There is precedent for launching local applications from inside a virtual desktop in this manner. Citrix has a feature in XenApp called Local App Access. It allows a Citrix virtual desktop to pass a file type association to a Windows machine running the Citrix desktop. The application on the endpoint can then open a file from the desktop and the local application will appear overlaid on the desktop.

Putting a Windows client application into the Windows virtual desktop with this tool makes sense. Doing the same to a touch-based application, however, does not. Touch-based apps should maintain the device's standard UI -- single app, full screen -- rather than squeezing it into the virtual desktop.

When else is this relevant?

Touch-based mobile devices are not the only endpoints where it is beneficial to open apps in a context-aware manner. The same idea applies to any nondedicated client device that could have its capabilities passed back into the virtual desktop.

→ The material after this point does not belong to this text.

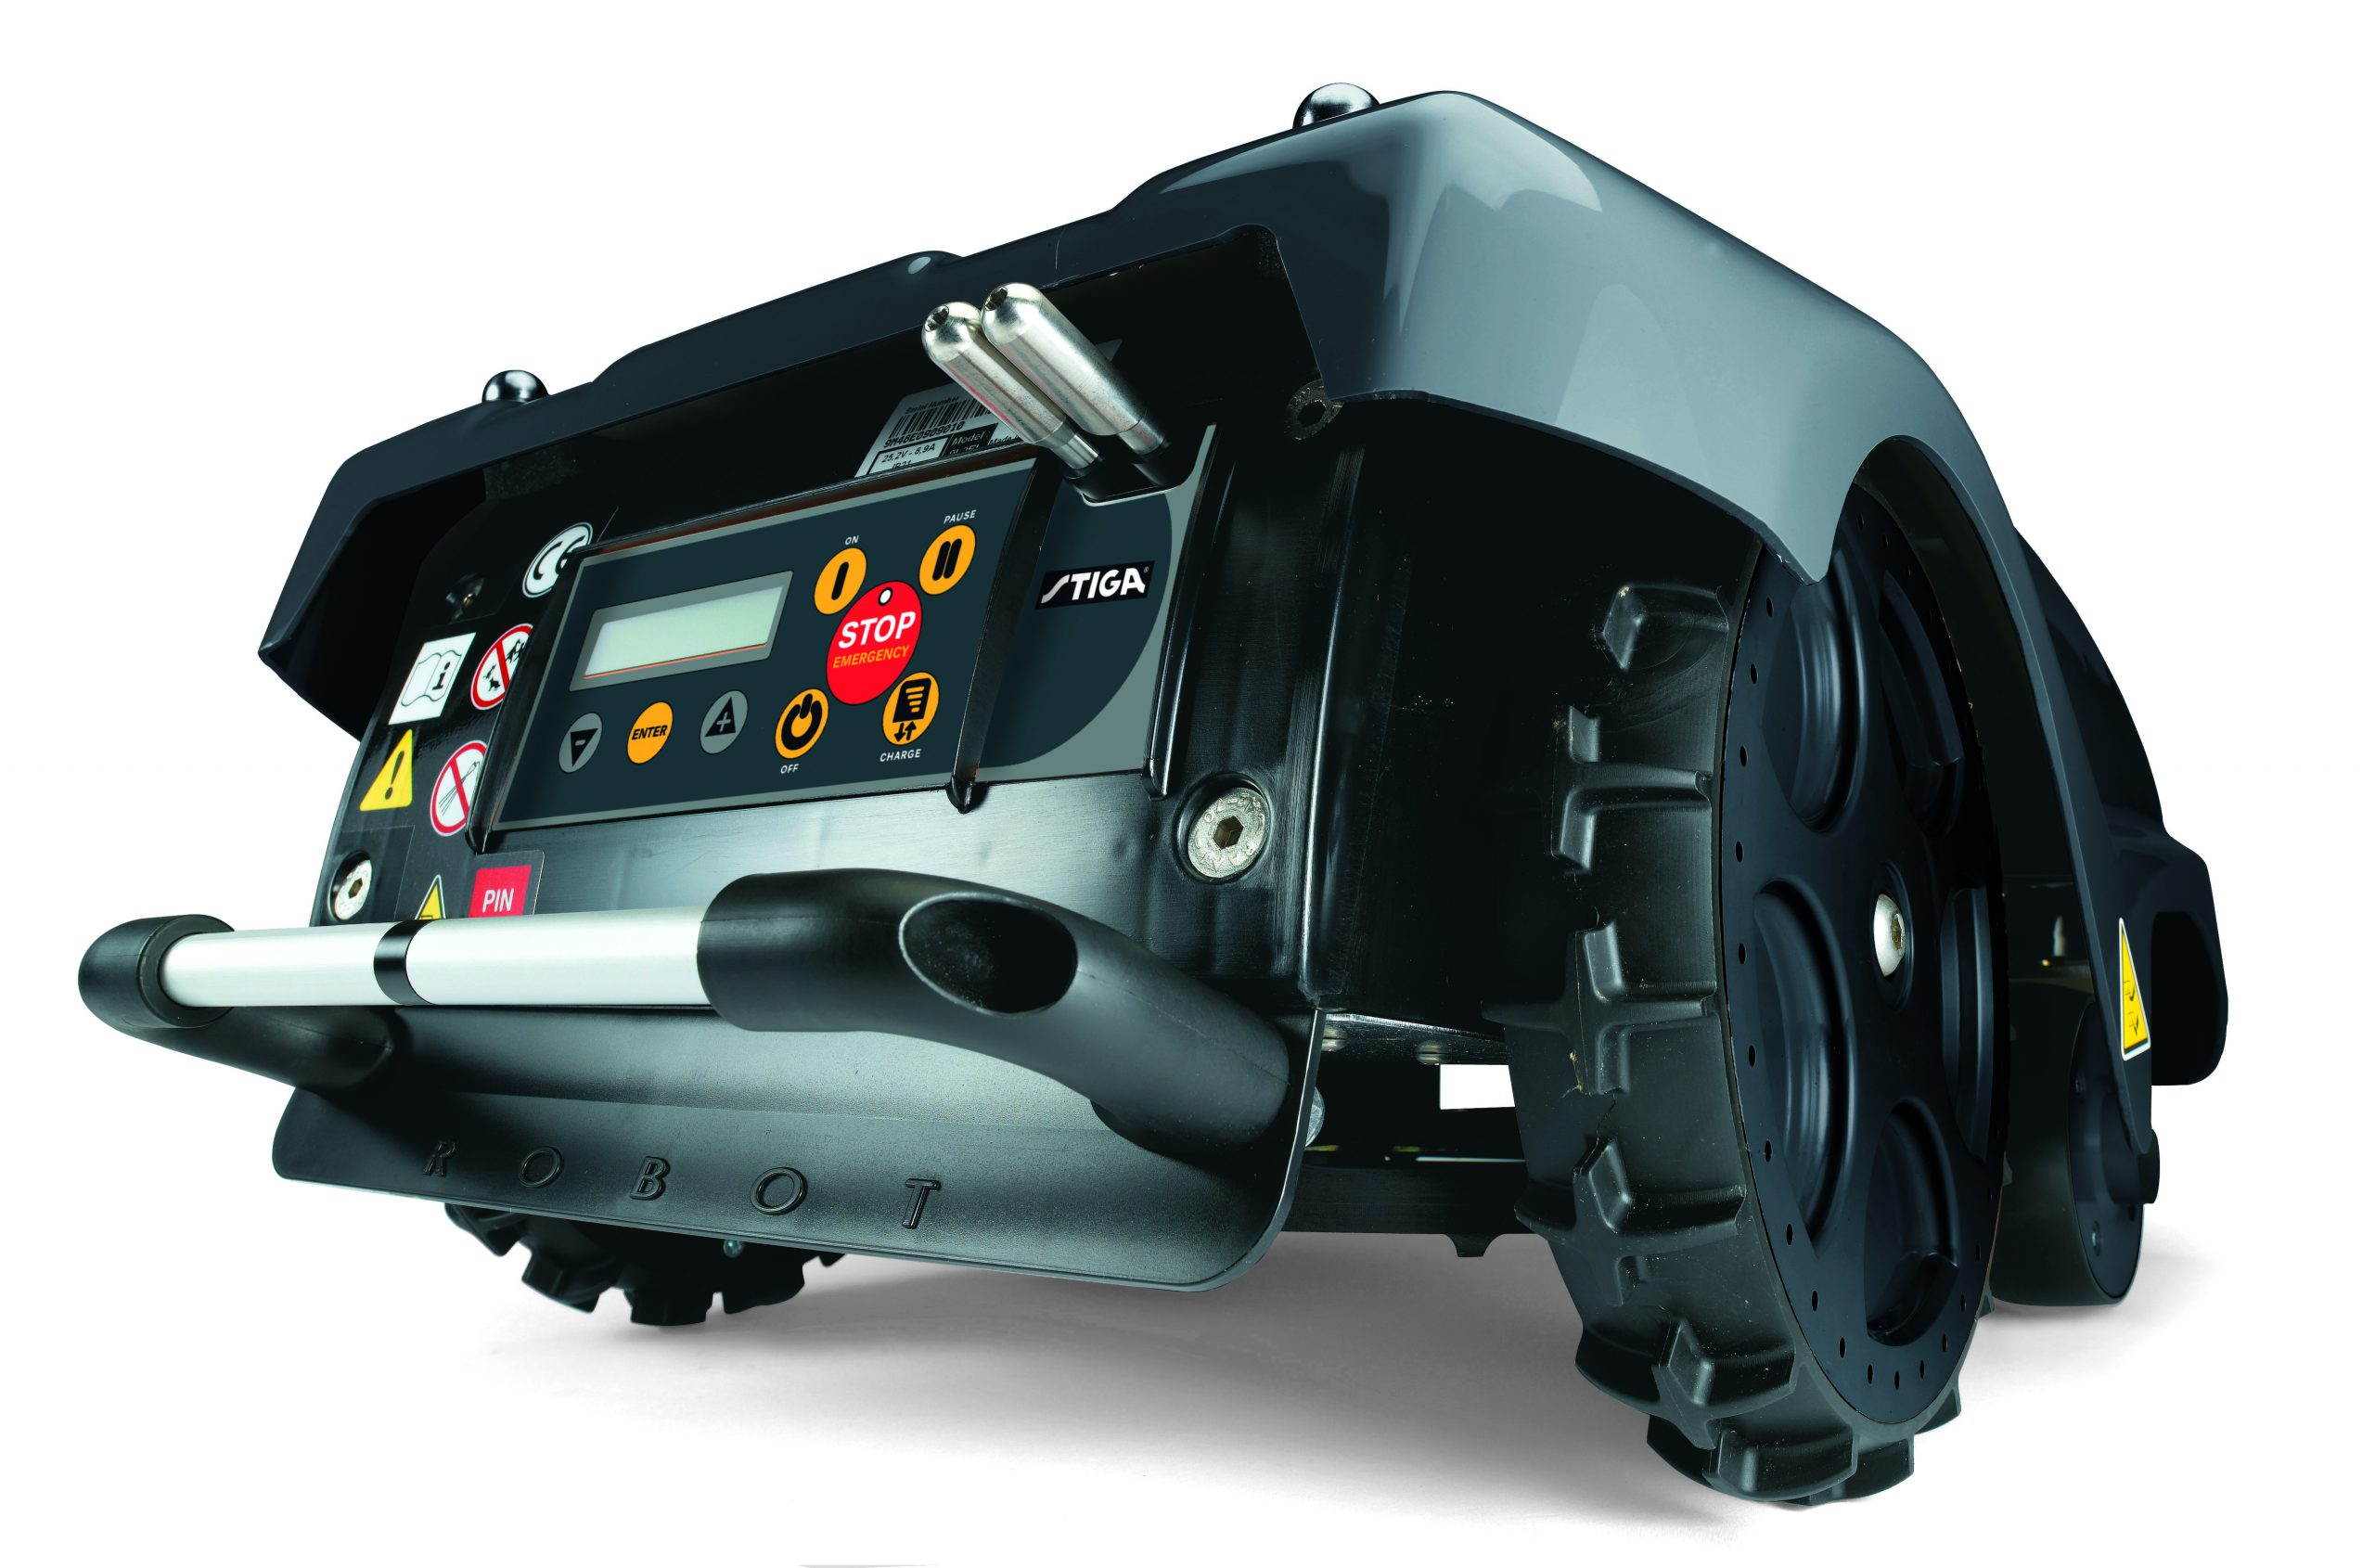 Робот-газонокосилка Stiga Autoclip 523-2

A user might work with a virtual desktop to access an internal web application from a laptop when she is mobile. If the laptop is on the internal network, then its local browser likely provides a better experience than a browser inside a virtual desktop. In the same vein, locally installed Microsoft Office performs better than it would inside a virtual desktop.

Any endpoint with local applications could have the apps integrated into the virtual desktop experience. It might not even be a one-to-one equivalence of desktop apps and the client-side apps. A mobile banking app, for example, might work much better than the web-based equivalent, so it would be ideal if the virtual desktop launched the mobile app on a user's phone rather than opening a web browser inside the virtual desktop running on the phone.

A tool that enables context-aware app launches must be cognizant of the device's specific capabilities.

Delivering supporting apps in the native mobile user interface can ease the transition to delivering legacy Windows applications as Published applications rather than publishing them to virtual desktops. Having the apps launch based on the endpoint is most useful when the endpoint does not have a keyboard and mouse, such as with tablets and smartphones.

Anyone who uses these devices to access a Windows desktop knows that the experience is not optimal. Even so, access to legacy Windows applications will remain necessary for many years because it is unlikely developers will take the time to change every core business application to be more mobile-friendly.

How to address the problem

Enabling users to seamlessly transition between mobile apps and legacy Windows applications is crucial. The more users can work with applications in their intended form, the better their experience and the more productive they are.

For this capability to become a reality, a VDI product needs policy framework integration, such as determining whether a mobile device is on the corporate network or not to dictate its access rights.

Additionally, a tool that enables context-aware app launches must be cognizant of the device's specific capabilities. A Google Android tablet with a keyboard and trackpad, for example, has very different capabilities than an iPhone.

The VDI product also needs to allow for persistent user preference. One user might prefer Adobe Acrobat Reader on her device, but her colleague might want to use the Windows Reader for some advanced functionality.